We are going to examine the motion of a body that is rotating about a non-principal axis. If the body is freely rotating in space with no external torques acting upon it, its angular momentum $\bf{L}$ will be constant in magnitude and direction. The angular velocity vector $\bf{\omega}$ , however, will not be constant, but will wander with respect to both the space-fixed and body-fixed axes, and we shall be examining this motion. I am going to call the instantaneous components of $\omega$ relative to the body-fixed axes $\omega_{1} , \omega_{2}, \omega_{3}$ , and its magnitude $\omega$ . As the body tumbles over and over, its Euler angles will be changing continuously.

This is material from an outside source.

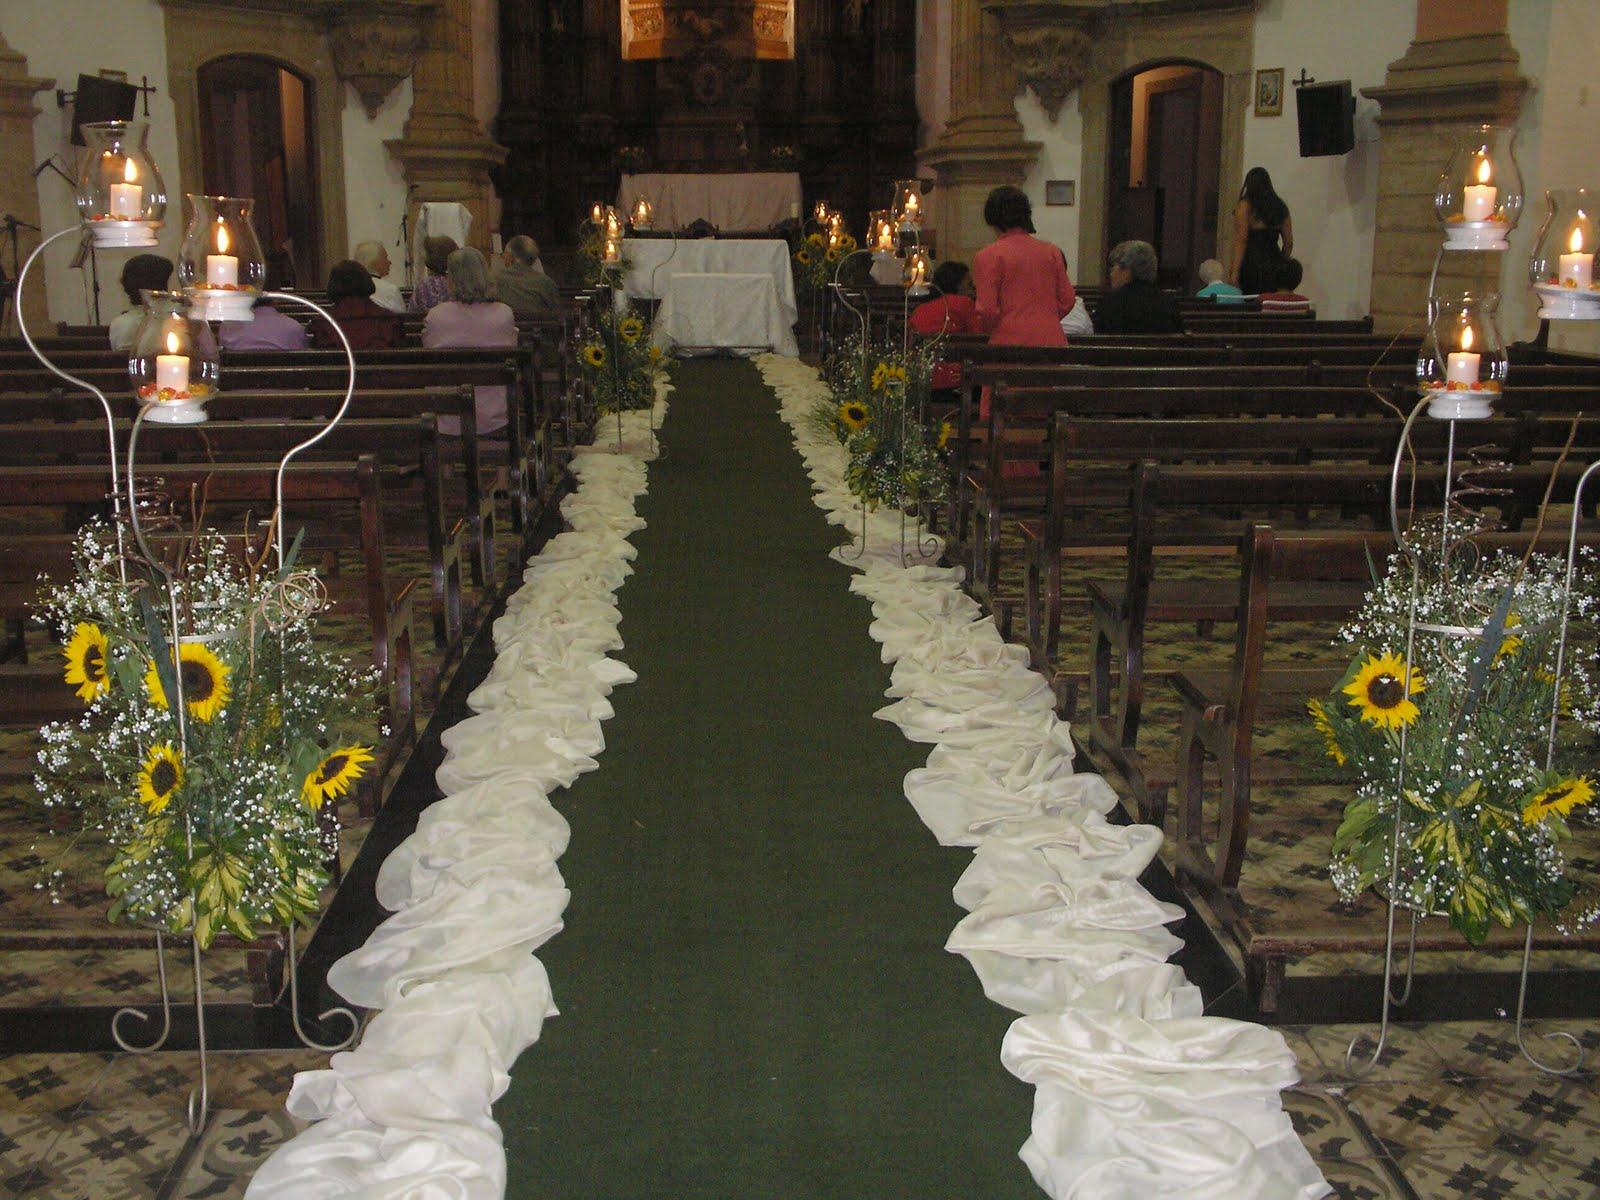 Bete Decora??es: Festa de Casamento. Decora??o de Girassol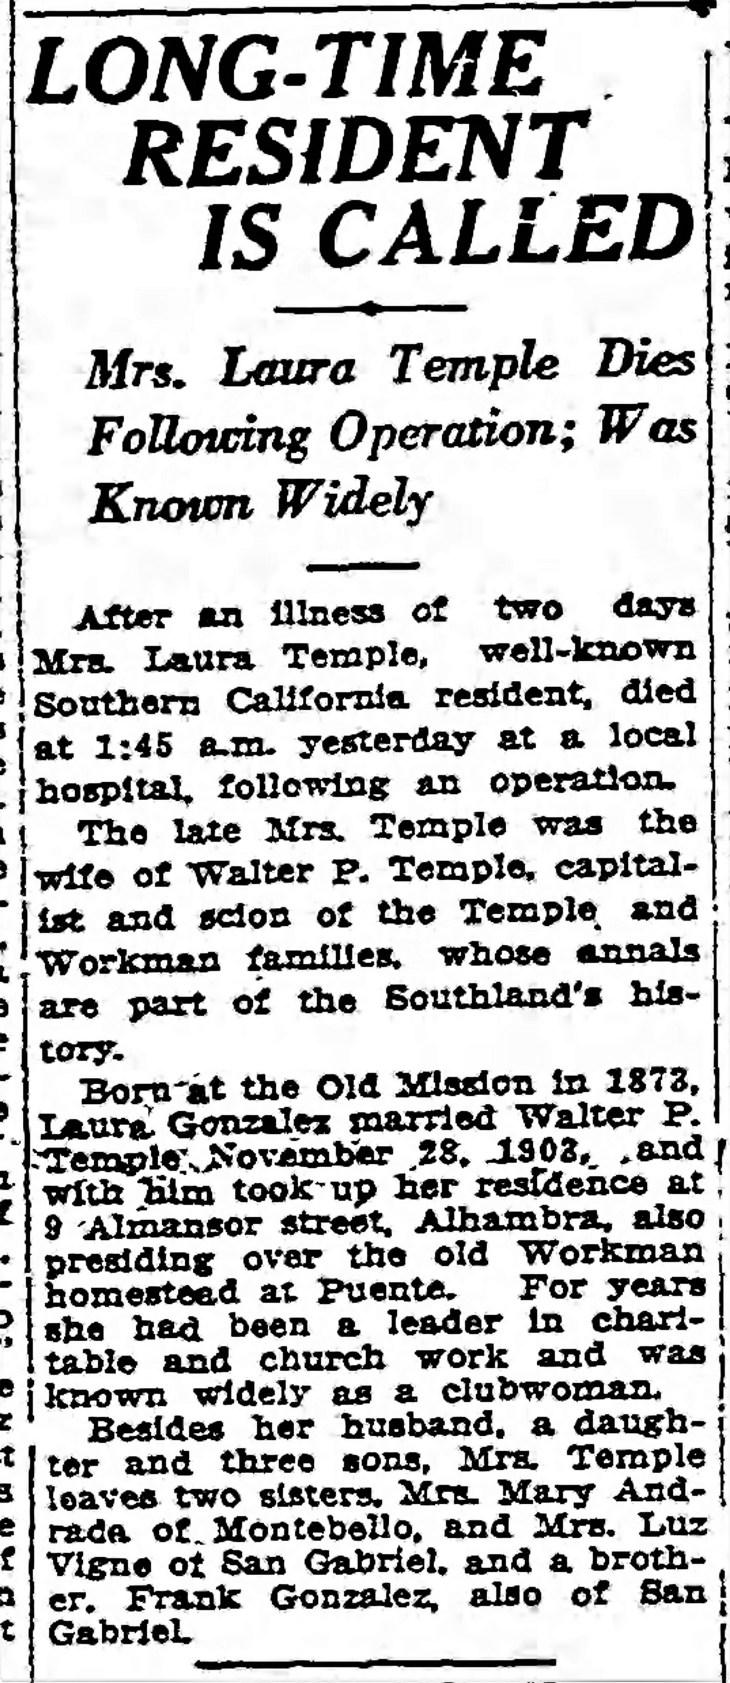 The_Los_Angeles_Times_Fri__Dec_29__1922_

We are going to establish a geometrical relation between the instantaneous rates of change of the Euler angles and the instantaneous components of $\omega$ . That is, we are going to find how $\omega_{1} , \omega_{2}$ and $\omega_{3}$ are related to $\dot{\theta} , \dot{\phi}$ and $\dot{\psi}$ .

I have indicated, in Figure VI.2a, the angular velocities $\boldsymbol{\dot{\theta}} , \boldsymbol{\dot{\phi}}$ and $\boldsymbol{\dot{\psi}}$ as vectors in what I hope will be agreed are the appropriate directions.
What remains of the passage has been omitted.